MKDoc::XML::Tagger(3) Adds XML markup to XML / XHTML content.


use MKDoc::XML::Tagger;
print MKDoc::XML::Tagger->process_data (
"<p>Hello, World!</p>",
{ _expr => 'World', _tag => 'strong', class => 'superFort' }

Should print:

  <p>Hello, <strong class="superFort">World</strong>!</p>


MKDoc::XML::Tagger is a class which lets you specify a set of tag and attributes associated with expressions which you want to mark up. This module will then stuff any XML you send out with the extra expressions.

For example, let's say that you have a document which has the term 'Microsoft Windows' several times in it. You could wish to surround any instance of the term with a <trademark> tag. MKDoc::XML::Tagger lets you do exactly that.

In MKDoc, this is used so that editors can enter hyperlinks separately from the content. It allows them to enter content without having to worry about the annoying <a href=``...''> syntax. It also has the added benefit from preventing bad information architecture such as the 'click here' syndrome.

We also have plans to use it for automatically linking glossary words, abbreviation tags, etc.

MKDoc::XML::Tagger is also probably a very good tool if you are building some kind of Wiki system in which you want expressions to be automagically hyperlinked.


This module does low level XML manipulation. It will somehow parse even broken XML and try to do something with it.
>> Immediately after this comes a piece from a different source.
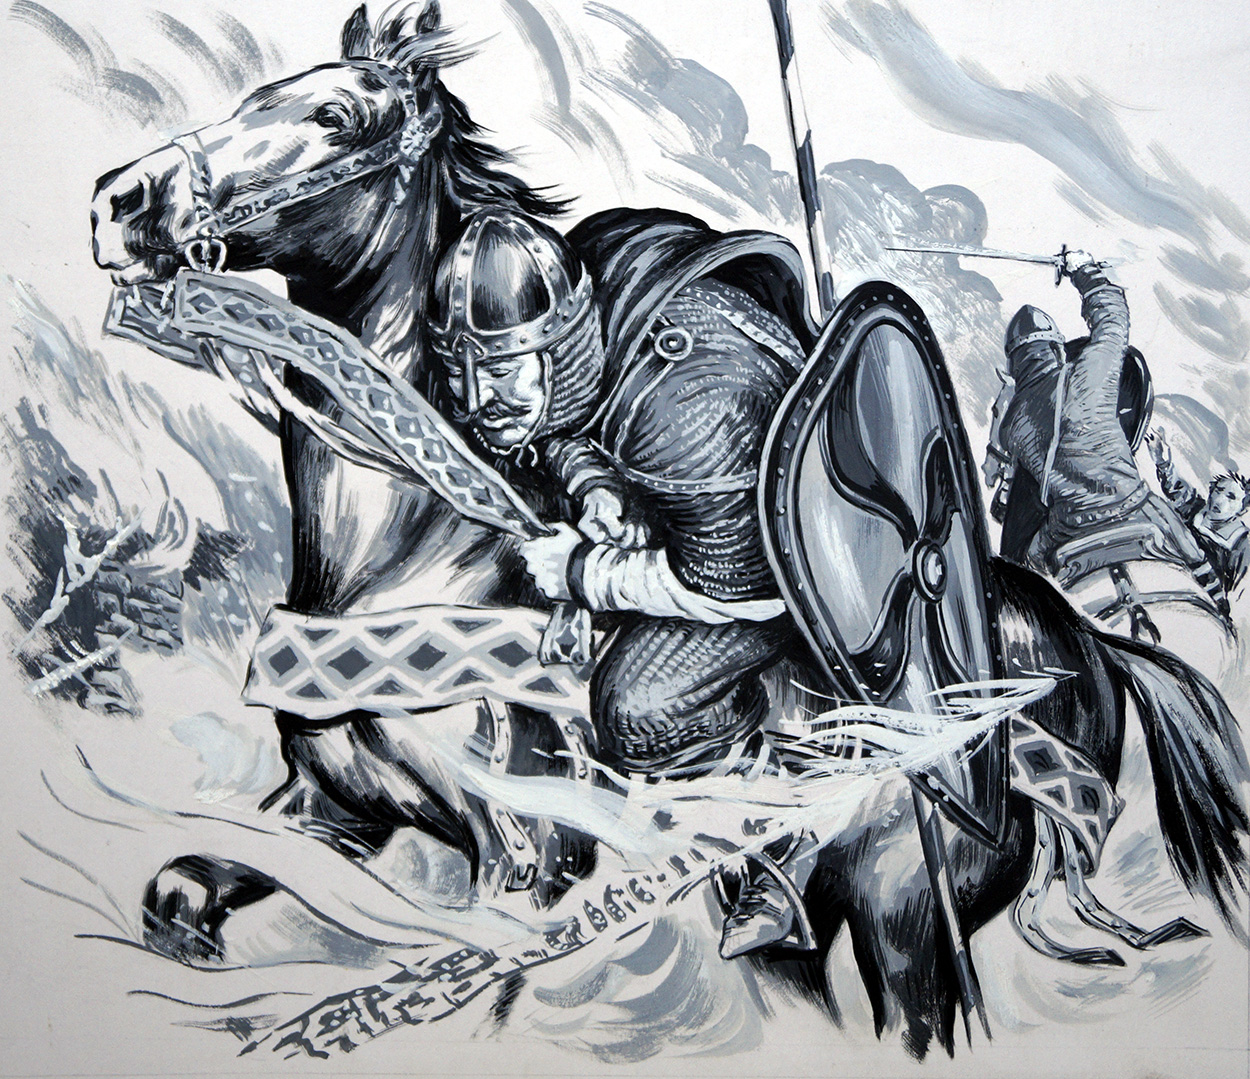 The Death of William the Conqueror (Original) art by F R Exell at The Illustration Art Gallery

Do not use it unless you know what you're doing.


The API is very simple.

my $result = MKDoc::XML::Tagger->process_data ($xml, @expressions);

Tags $xml with the @expressions list.

Each element of @expressions is a hash reference looking like this:

      _expr      => 'Some Expression',
      _tag       => 'foo',
      attribute1 => 'bar'
      attribute2 => 'baz'

Which will try to turn anything which looks like:

  Some Expression
  sOmE ExPrEssIoN


  <foo attr1="bar" attr2="baz">Some Expression</foo>
  <foo attr1="bar" attr2="baz">sOmE ExPrEssIoN</foo>
  <foo attr1="bar" attr2="baz">(etcetera)</foo>

You can have multiple expressions, in which case longest expressions are processed first.

my $result = MKDoc::XML::Tagger->process_file ('some/file.xml', @expressions);

Same as process_data(), except it takes its data from 'some/file.xml'.


MKDoc::XML::Tagger does not really parse the XML file you're giving to it nor does it care if the XML is well-formed or not. It uses MKDoc::XML::Tokenizer to turn the XML / XHTML file into a series of MKDoc::XML::Token objects and strictly operates on a list of tokens.

For this same reason MKDoc::XML::Tagger does not support namespaces.


Copyright 2003 - MKDoc Holdings Ltd.

Author: Jean-Michel Hiver

This module is free software and is distributed under the same license as Perl itself. Use it at your own risk.